Seven years later, Coates travels to Paris alone. He barely speaks French and is afraid as he tries to navigate French currency and trains. After getting settled, the city amazes him; it’s like New York because of the diversity of the people in the streets, but he doesn’t feel the ever-present fear for his body. While exploring, he feels a loneliness. Being so far removed from any American Dream, the weight of living in constant fear really hits him. Later, Coates and his family go back to Paris, along with Uncle Ben and Aunt Janai. Coates takes Samori there because he wants him to experience a life of his own, apart from the lens of fear and even apart from Coates himself. Even though France has never enslaved their ancestors, France has its own rules and history. Like America, it named its own group of people as “less than” (the Haitians, for example). That summer, Trayvon Martin’s killer is acquitted, and Coates realizes that he could never escape the truth of his world, not even in France.
This section focuses on how travel impacts Coates by showing him a new world in which the color of his skin does not immediately define him in the eyes of others. The fact that Coates never considered traveling is surprising. By reading and researching so much in college, he had traveled a long way in his mind. He was amazed by and in love with the diversity and exoticism of the students at Howard. He knew that the first girl he fell in love with, from Bangladesh, entranced him, in part, because she carried a heritage from some other world. He thinks of himself as an intellectual searcher, but not as a physical traveler.

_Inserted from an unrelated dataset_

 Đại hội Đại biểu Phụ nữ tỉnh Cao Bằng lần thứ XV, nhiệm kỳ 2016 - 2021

Kenyatta’s trip to Paris is the beginning of a major change for Coates. He says she already knows more of the world than him and has always been compelled to see more of what the world has to offer. At the time that she travels to Paris, France is just a mental picture to Coates, like an exercise in imagination. When she returns and shows him pictures from Paris, he starts to see the city solidify and realizes that there are real people there, as real as people in his own life.
When Coates travels to Paris on his own, the trip presents a schema change. He still experiences fear as he flies partway around the world, figures out how to change money, and makes sure he gets on the right train. But after he settles into Paris, he notices a lack of the heavy fear that he has always felt about his safety. His loneliness is present but not negatively so. In this case, Coates is lonely because he is in a country he does not belong to. In his own country, he feels lonely in his constant fear for his body because he knows the history of America and that its traditions dictate that he, like all black people, is the negative part of America’s equation. In the country in which he “belongs,” he doesn’t really belong. In Paris, in the midst of not belonging, Coates is freed from some of the mental chains that had bound him since childhood.

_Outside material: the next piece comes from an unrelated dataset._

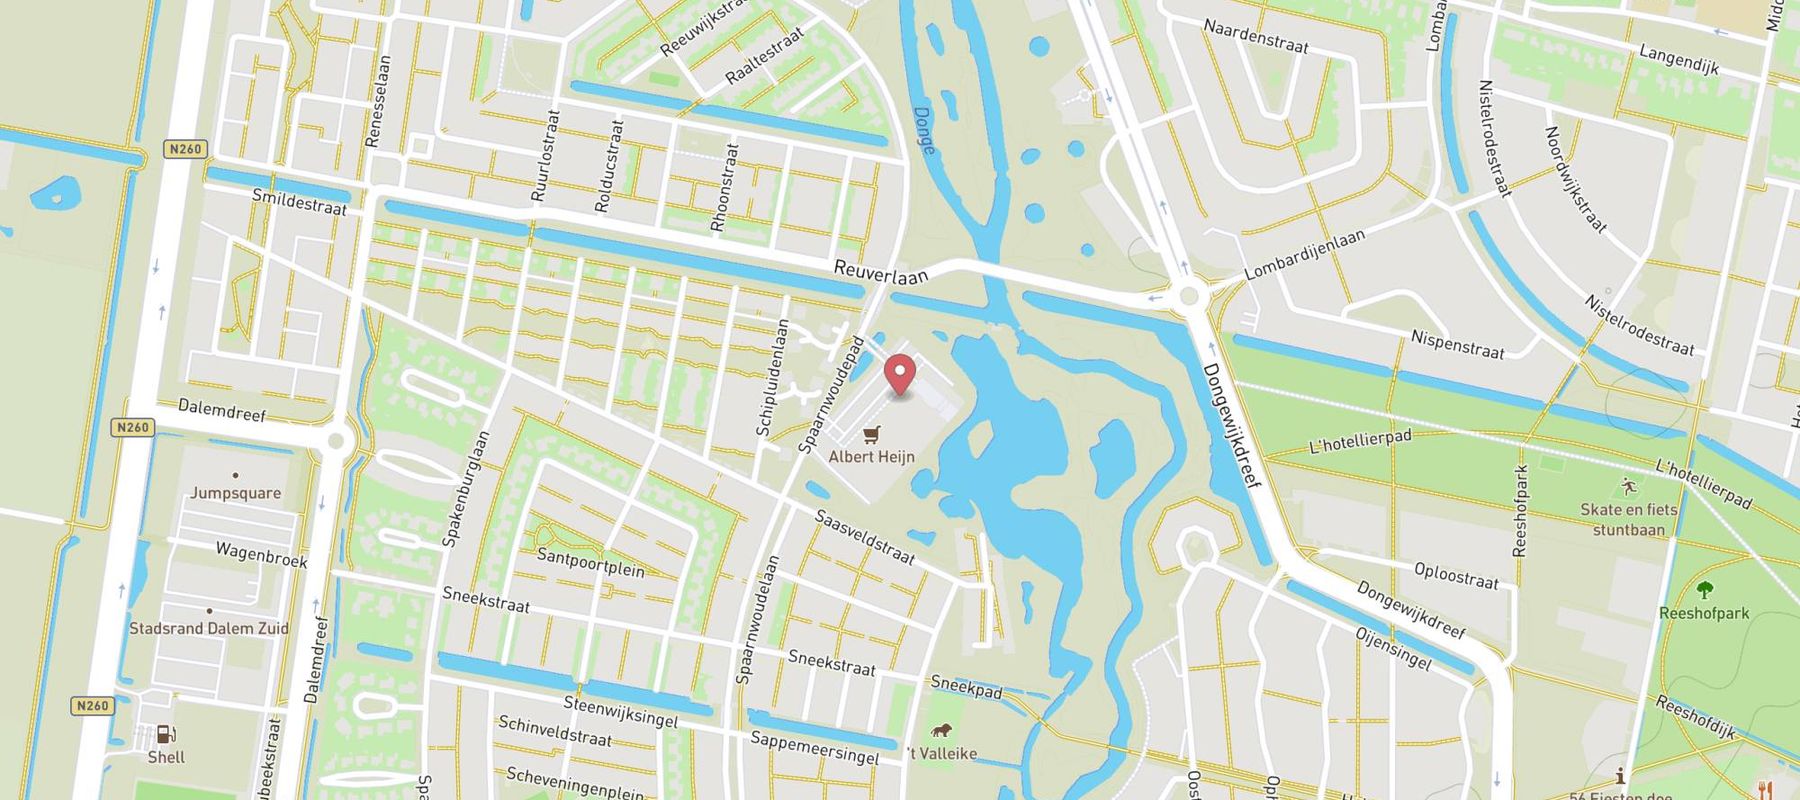 Pearle Opticiens Tilburg - Dalempromenade map
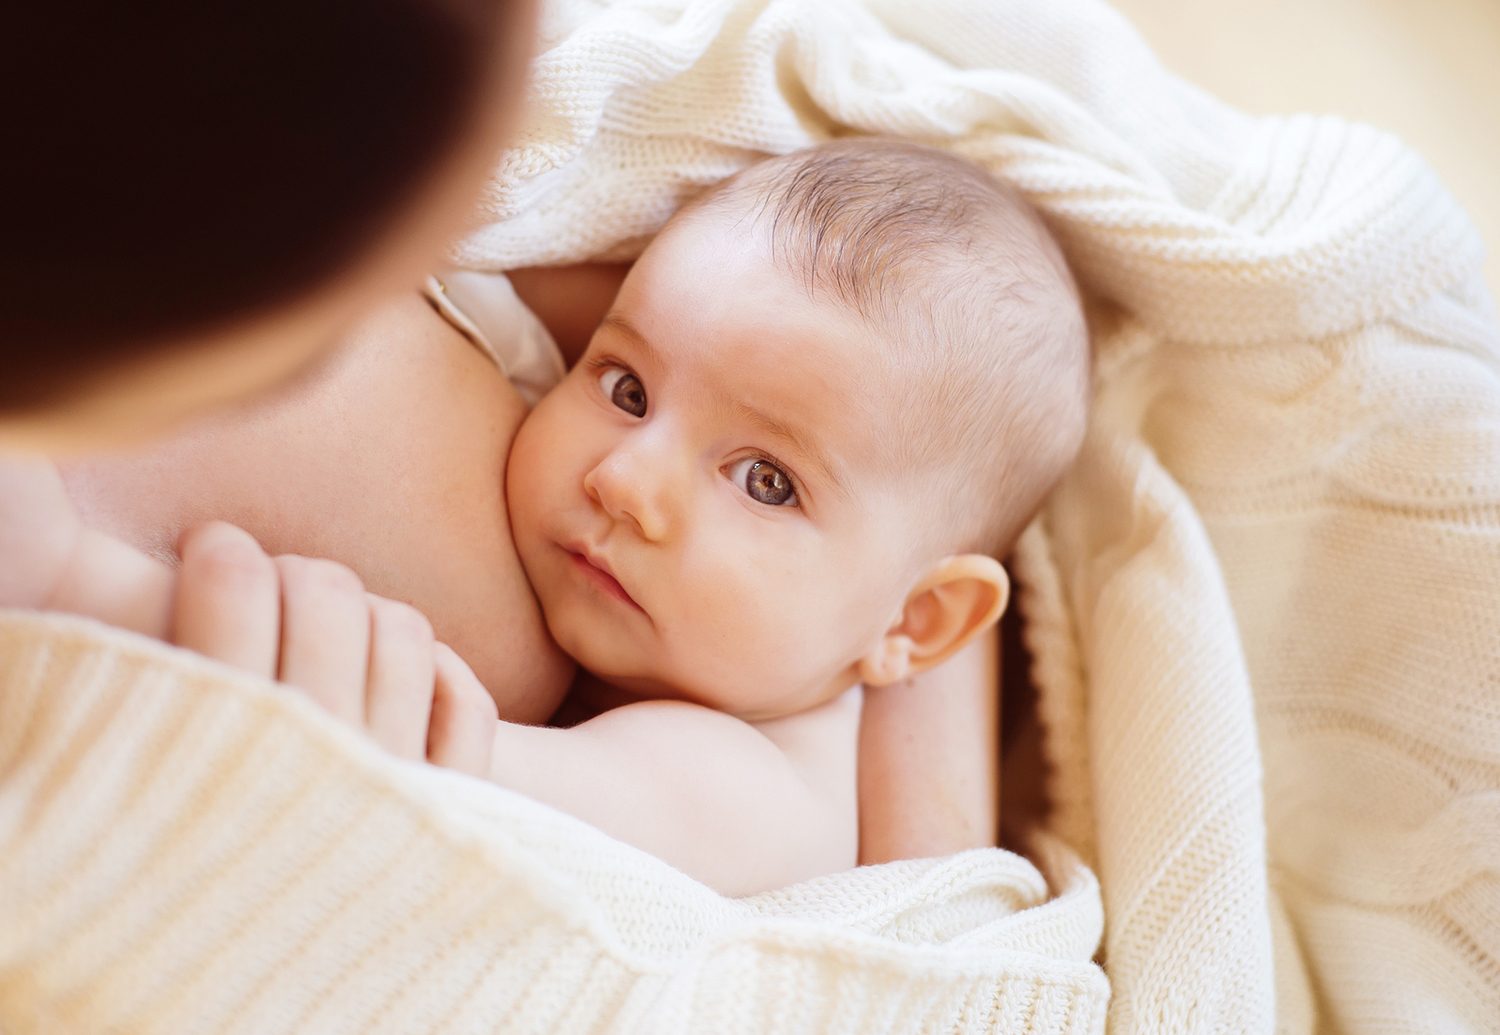 فوائد الرضاعة الطبيعية للام المصابة بالسكري

Due to his fears and harsh upbringing, Coates has built walls around himself to protect him and his loved ones at all costs. Even in Paris, it is hard for him to let his guard down. Consequently, he feels as though he has missed part of the experience of living by being on constant guard. While Coates wants Samori to experience a fearless life, he also needs Samori to know that being distanced from fear cannot erase the struggle he will go through. Samori still recognizes the permeating gap in America between black and white, which he perceives strongly when Michael Brown’s killer is not indicted. Coates wants Samori to remember that America has always used black bodies for self-interest.